To better characterize the molecular relationships between AId and RA, we next examined the in situ hybridization patterns of 162 genes that are differentially expressed in RA. This analysis included a set of 46 genes previously identified through microarray screenings as markers that RA in finches (and analogous nuclei in vocal learning birds) share with the laryngeal motor cortex (LMC) in humans21 and 116 genes identified as RA markers in ZEBrA4. For a set of 60 genes that included the 46 shared RA and LMC marker set and 14 RA markers from ZEBrA, we ran in situ hybridizations in frontal sections containing both RA and AId (examples in Fig. 2), noting that an assessment of the expression in AId had previously not been performed for most of these genes. For the other genes in the RA marker set, we evaluated expression in the sagittal image series available on the ZEBrA website. Among the 162 genes analyzed (full list in Supplemental Table 2), numerous had much lower expression in RA and AId compared to the surrounding arcopallium (e.g.

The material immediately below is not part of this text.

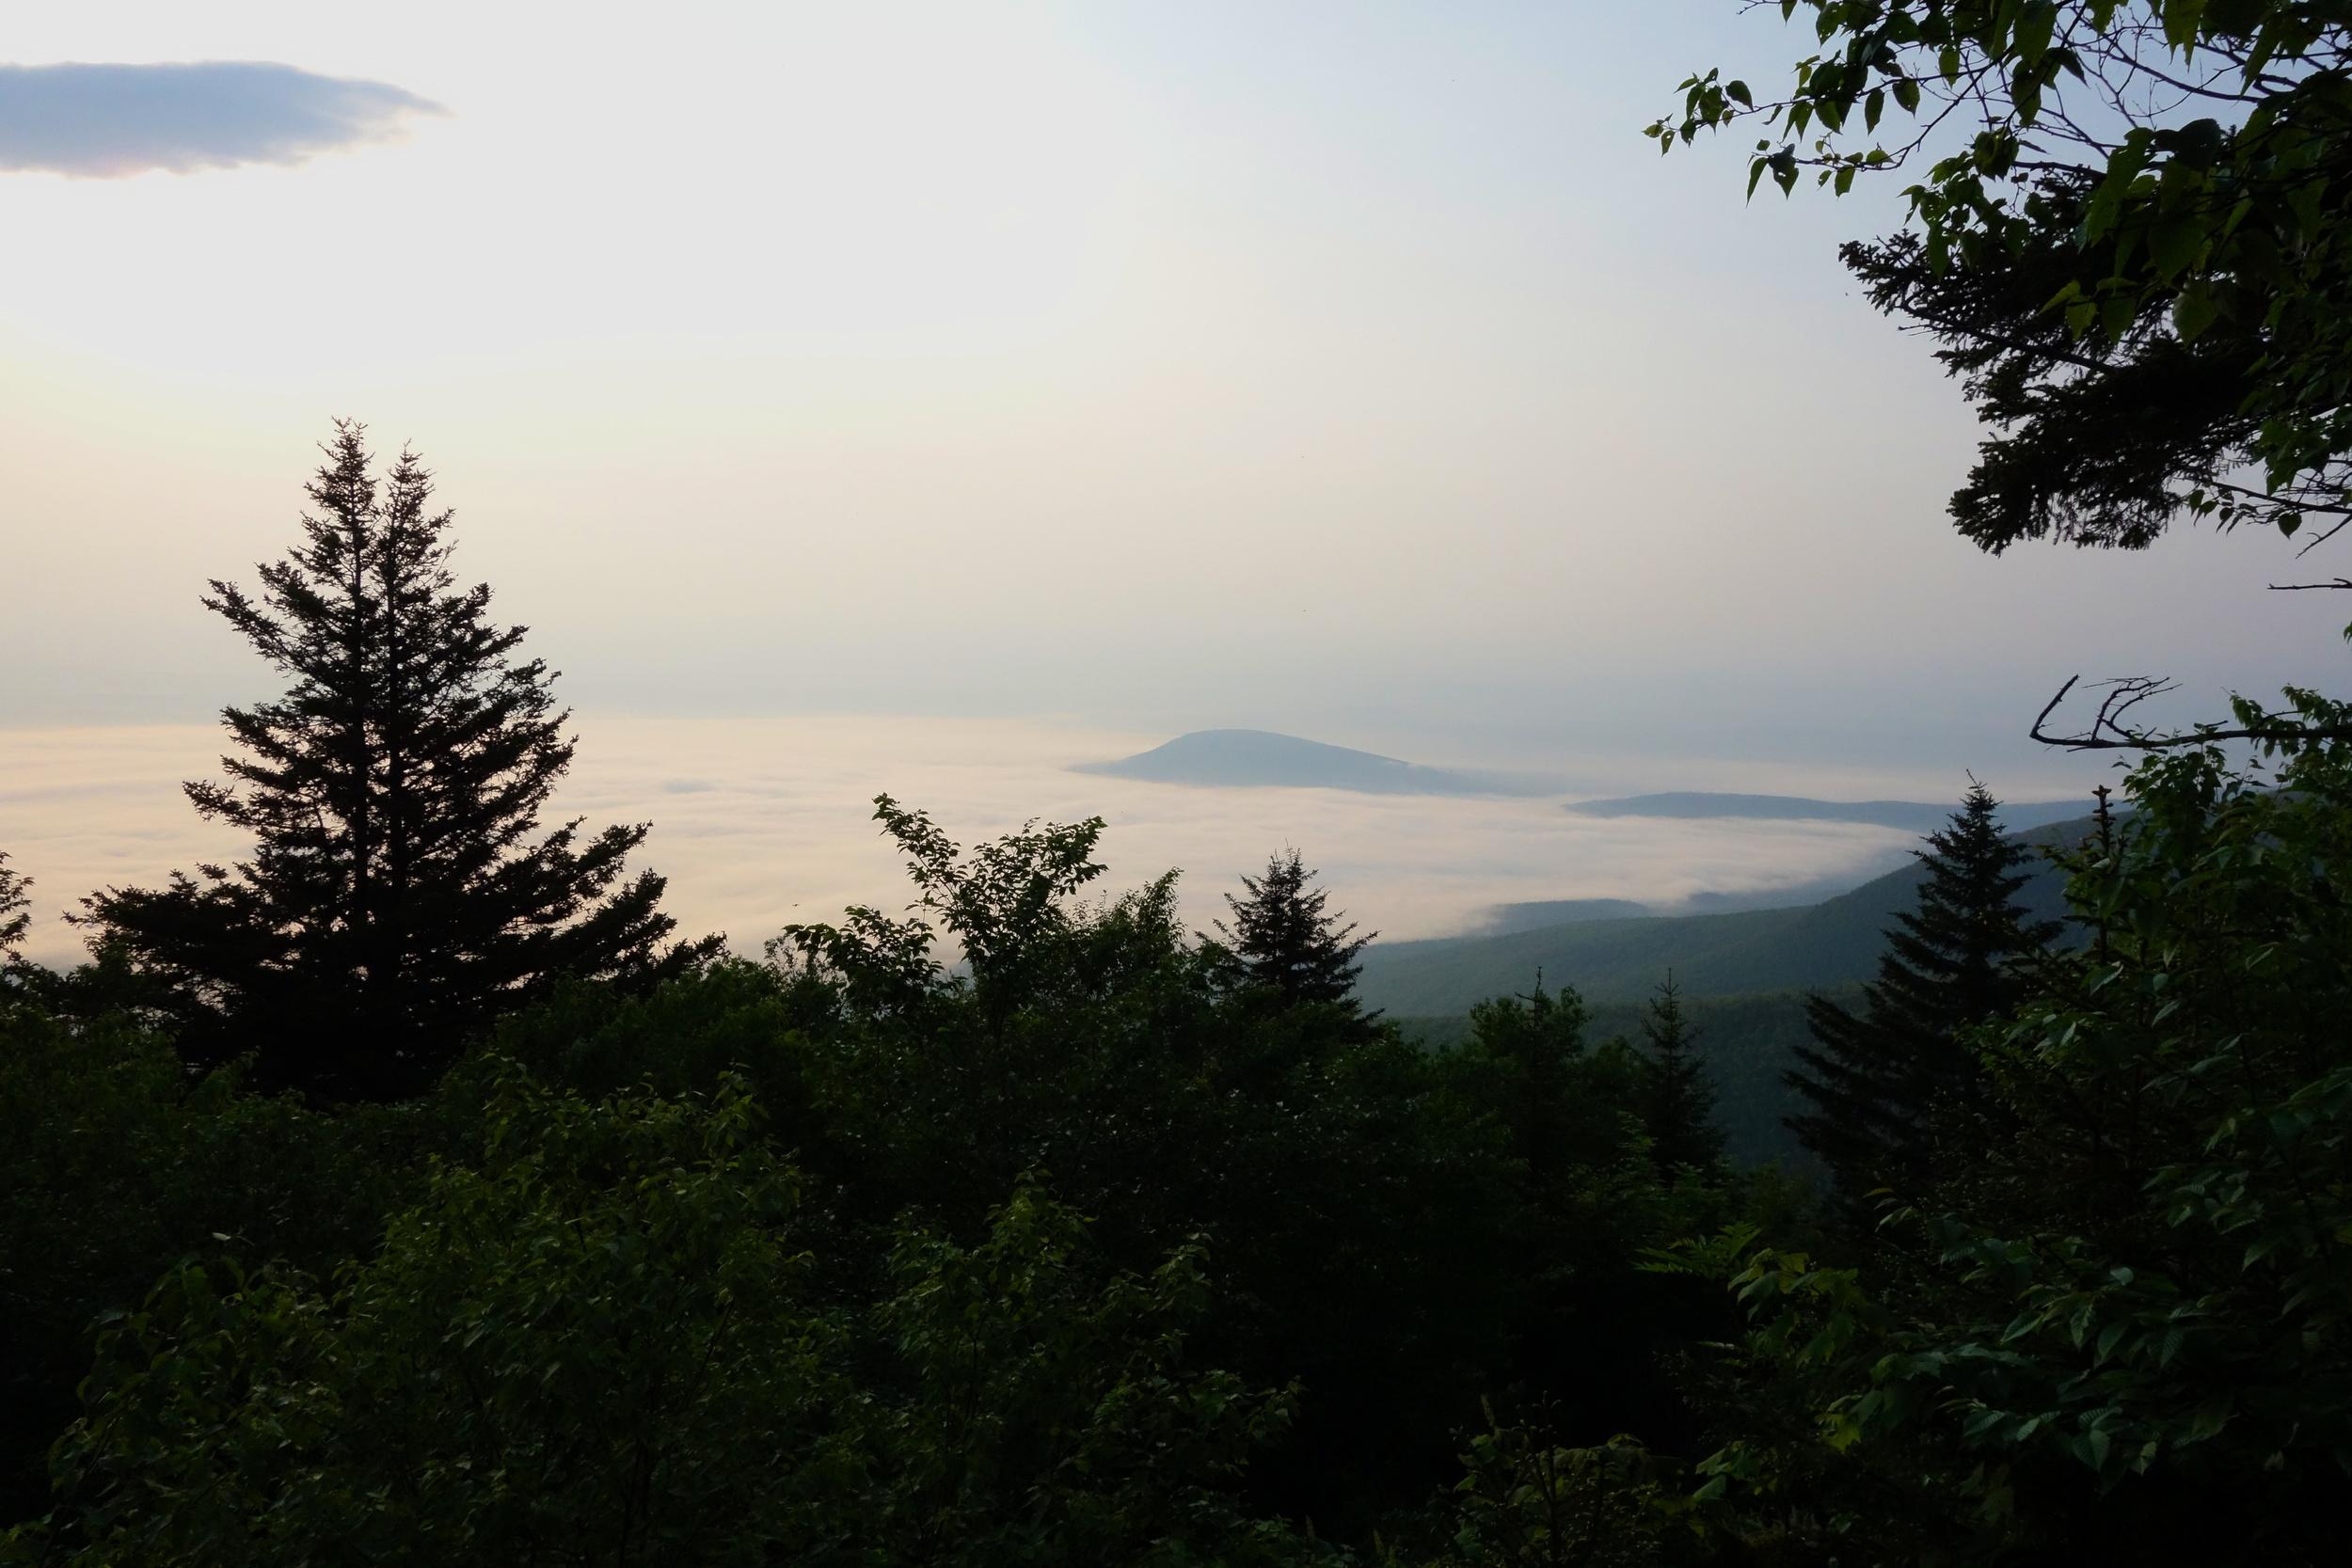 Close to the top of Blackhead Mountain

SCN3B and SNCA in Fig. 2), whereas other genes were more highly expressed in both nuclei compared to the surrounding arcopallium (e.g. PVALB and LPL in Fig. 2). Yet other genes were more only modestly differential in RA and AId (e.g. SYNPR, GPM6A and RCAN2 in Fig. 2), showing regional expression level differences rather than highly differential patterns. Notably, some genes showed less differential expression compared to the surrounds in the dorso-medial part of AId close to the boundary with RA than in the more ventro-lateral AId. We refer to this dorso-medial area as the neck of AId (nAId; top left drawing in Fig. 2), and suggest that it may correspond to a transition zone between RA and AId as previously described based on connectivity53. Lastly, numerous other genes were only differentially expressed in RA but not in AId (e.g. KCNC1 and GABRE in Fig. 3). We note that the patterns for the set of genes assessed in frontal sections (Supplemental Table 2) were qualitatively similar in both the left and right hemispheres.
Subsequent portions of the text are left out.